**Available data:**
════

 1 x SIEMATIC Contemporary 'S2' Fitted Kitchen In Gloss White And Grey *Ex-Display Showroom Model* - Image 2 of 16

════

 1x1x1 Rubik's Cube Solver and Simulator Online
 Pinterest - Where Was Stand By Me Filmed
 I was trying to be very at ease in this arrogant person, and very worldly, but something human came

════

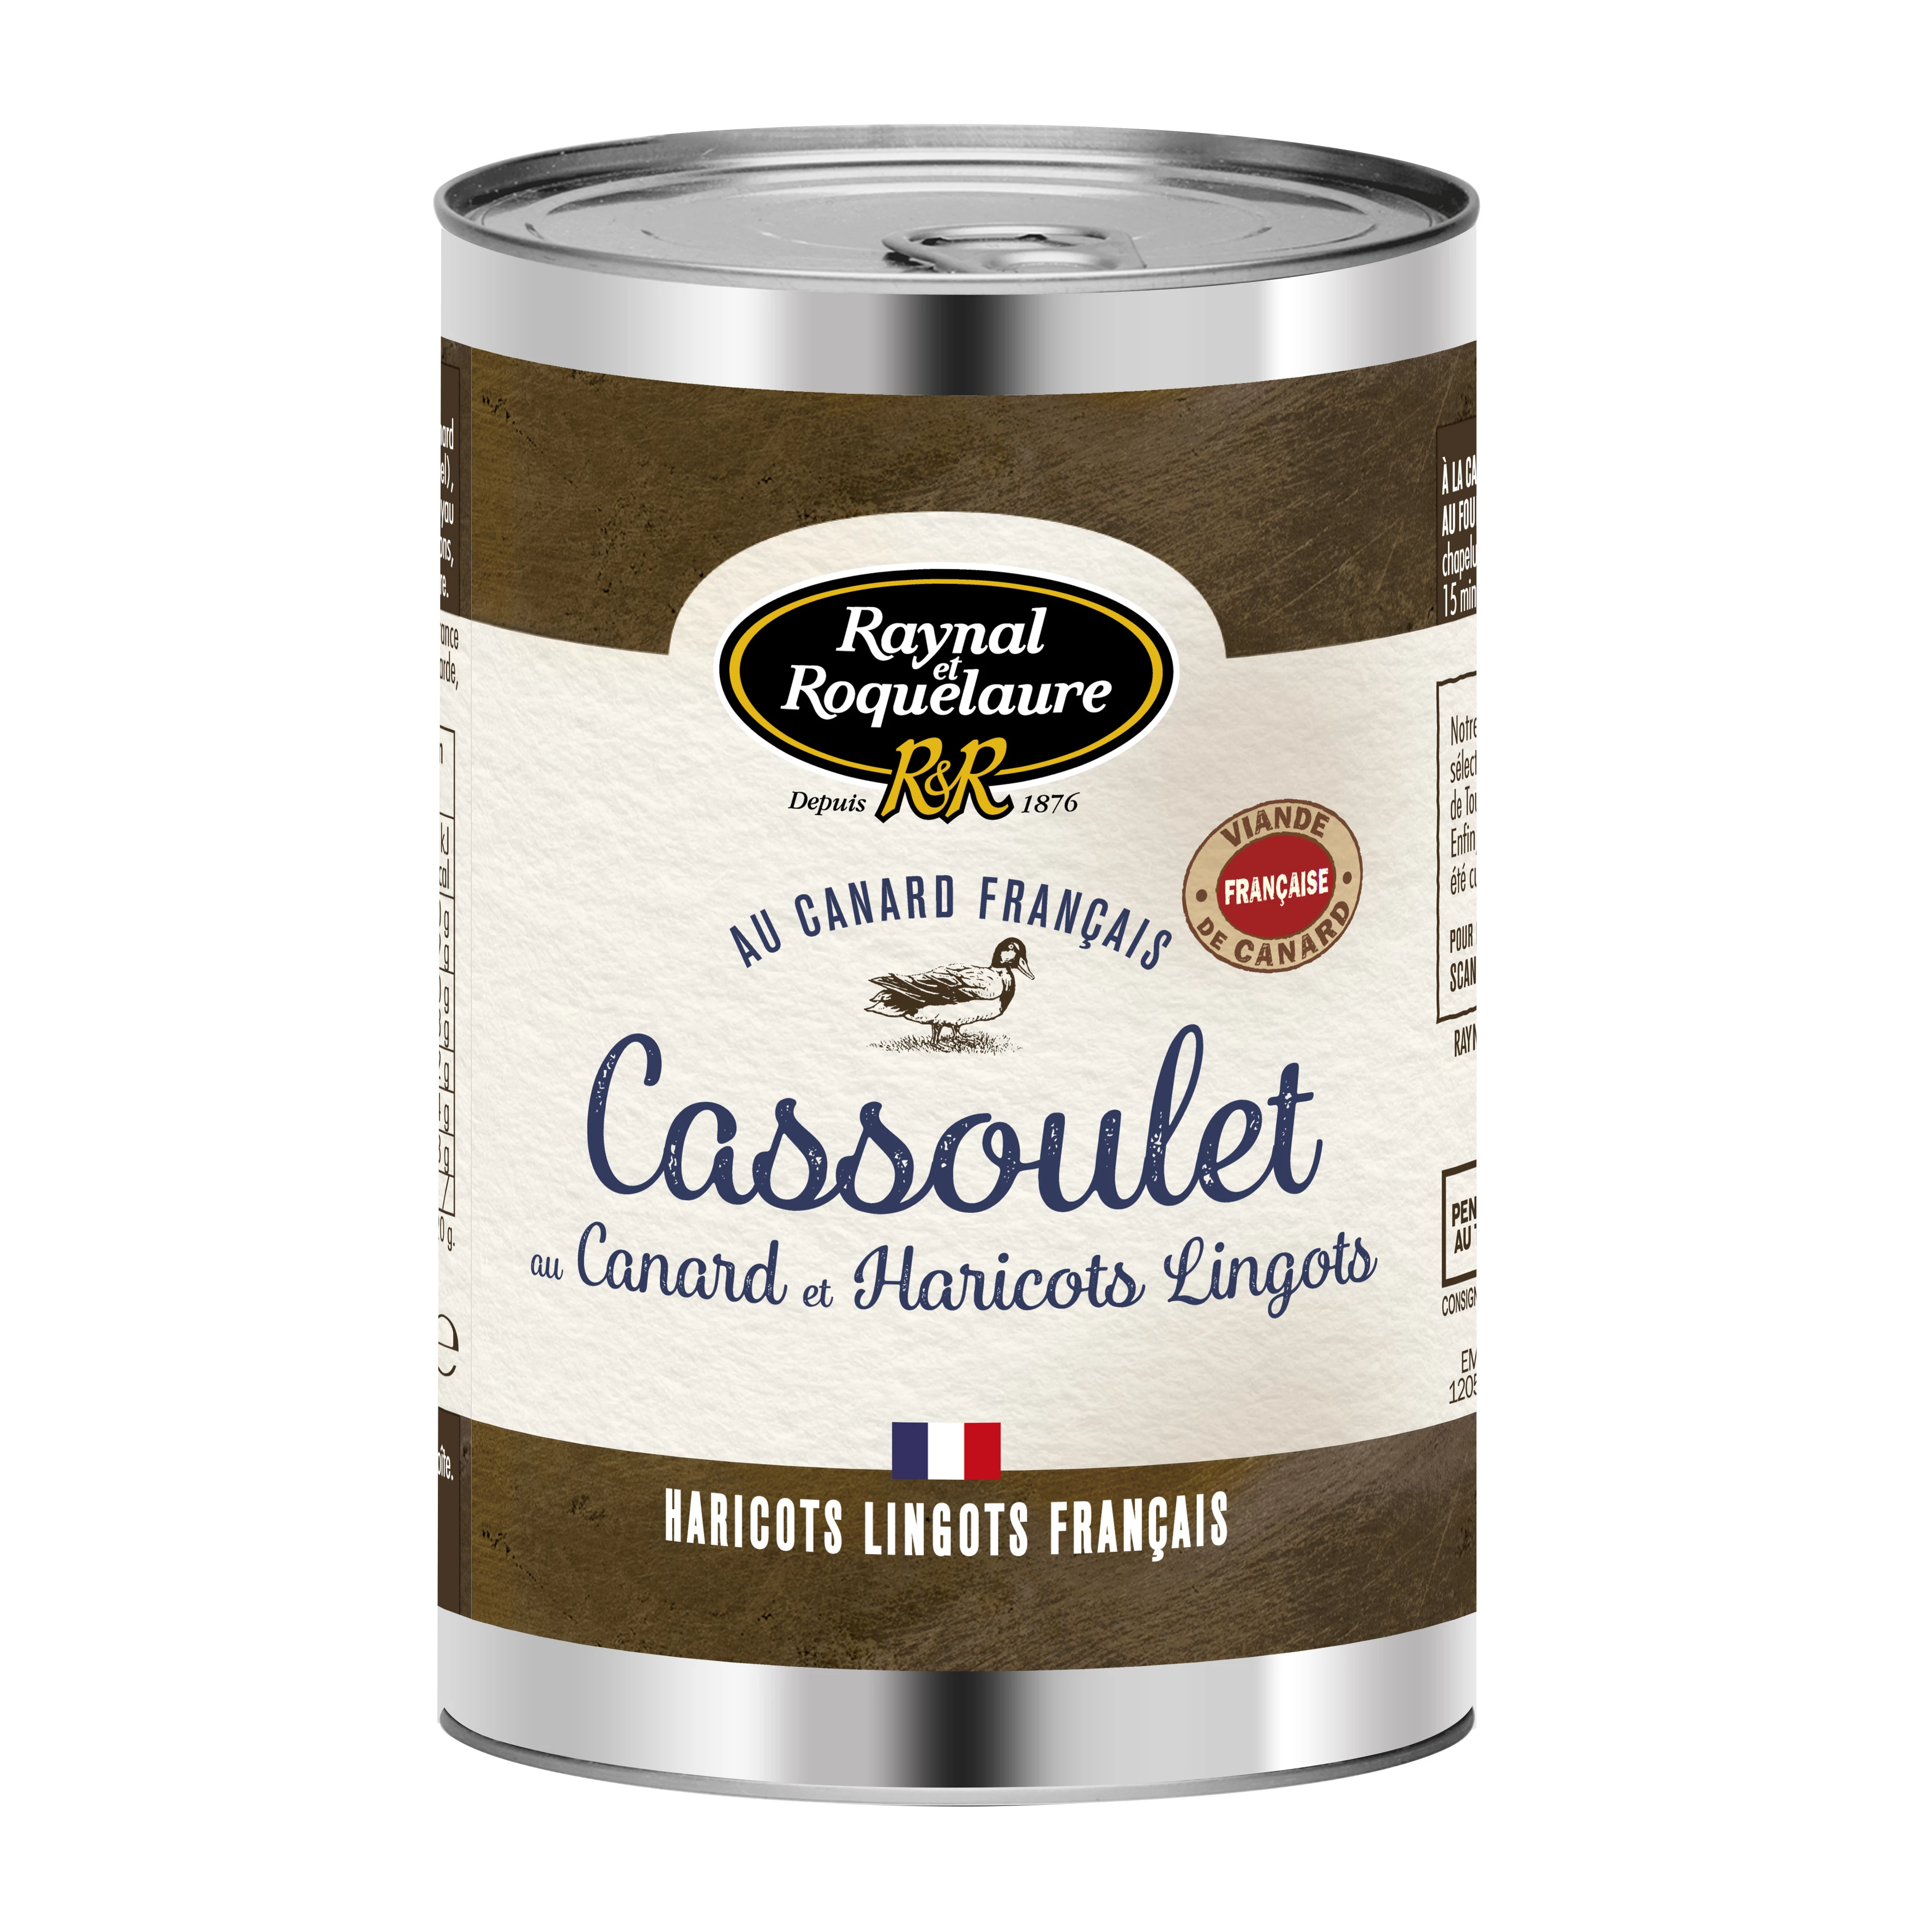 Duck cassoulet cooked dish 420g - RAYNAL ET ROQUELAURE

════

**Task:** Restate word for word the lines in the material above from the one with "1x1x1 Rubik's Cube" to the one with "I was trying"; both of those lines count, and nothing else does.

**Answer to the exercise:**
 1x1x1 Rubik's Cube Solver and Simulator Online
 Pinterest - Where Was Stand By Me Filmed
 I was trying to be very at ease in this arrogant person, and very worldly, but something human came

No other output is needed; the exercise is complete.